In response to the Seventh Circuit’s refusal to acknowledge her claim for sexual orientation discrimination, Hively filed a petition for rehearing en banc “to secure and maintain uniformity of the law” on August 25, 2016.

On August 29, 2016, the EEOC filed an amicus brief in support of Hively’s Petition. In its brief, the Commission reaffirms its position that claims of sexual orientation discrimination are cognizable under Title VII as claims of sex discrimination because such claims “necessarily involve consideration of a plaintiff’s sex, gender-based associational discrimination, and sex stereotyping.” The Commission also argues that the jumble of inconsistent precedents set by the courts defies practical workability and is inconsistent with two Supreme Court decisions: Oncale v. Sundowner Offshore Services, Inc. (statutes must be interpreted as written even when the language goes beyond the principal evil Congress sought to address) and Price Waterhouse v. Hopkins (Title VII makes sex “irrelevant” in employment decisions). To date, the Seventh Circuit has not made a decision on whether it will revisit the issue.

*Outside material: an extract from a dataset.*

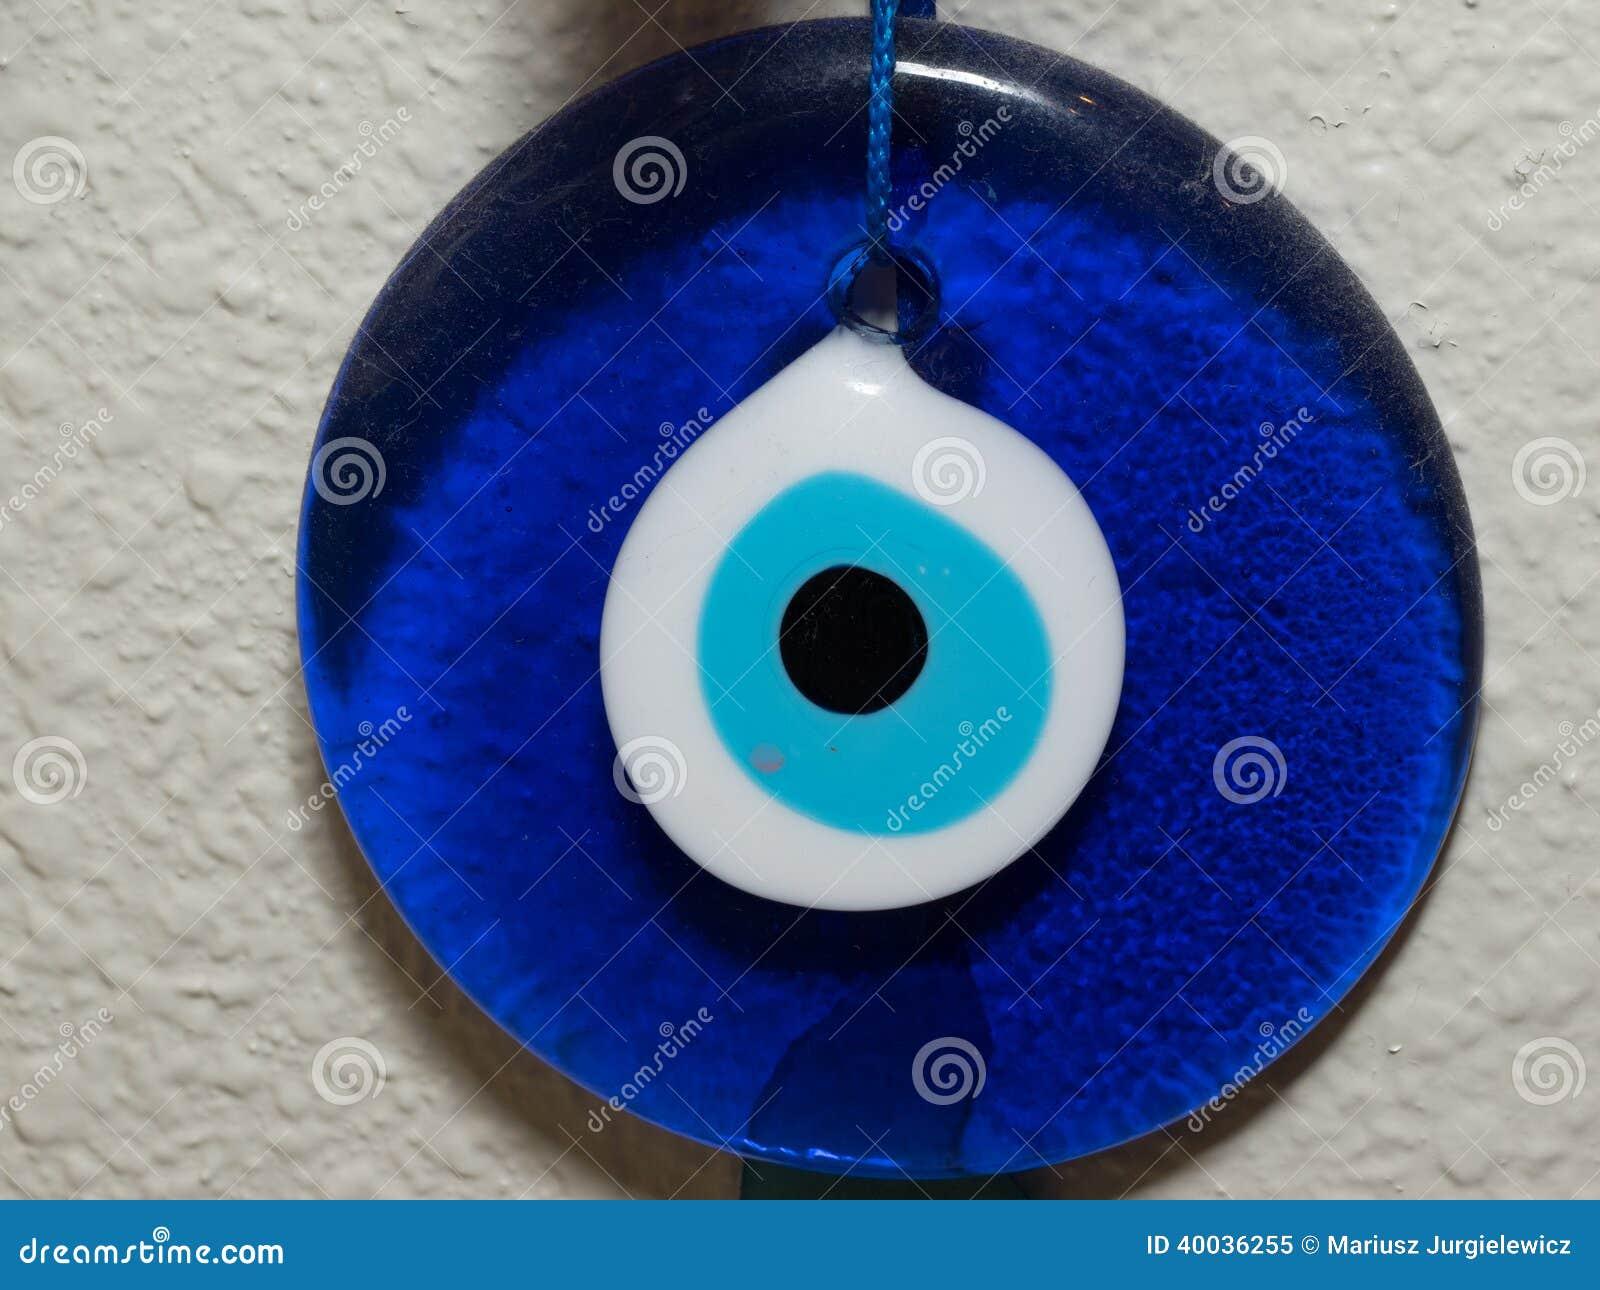 Evil eye stock image image of protect traditional arabic 40036255 evil eye biocorpaavc

Today’s society recognizes that people are heterosexual, homosexual, or bisexual. Consistent with this change in public policy, the EEOC and Supreme Court have recognized, as noted supra, that federal laws apply equally to all persons, regardless of sexual identity. Any interpretation of Title VII that fails to recognize this diversity of sexual identity fails to cover the reasonably comparable evils as violations of Title VII’s prohibition of “sex” discrimination and cannot stand.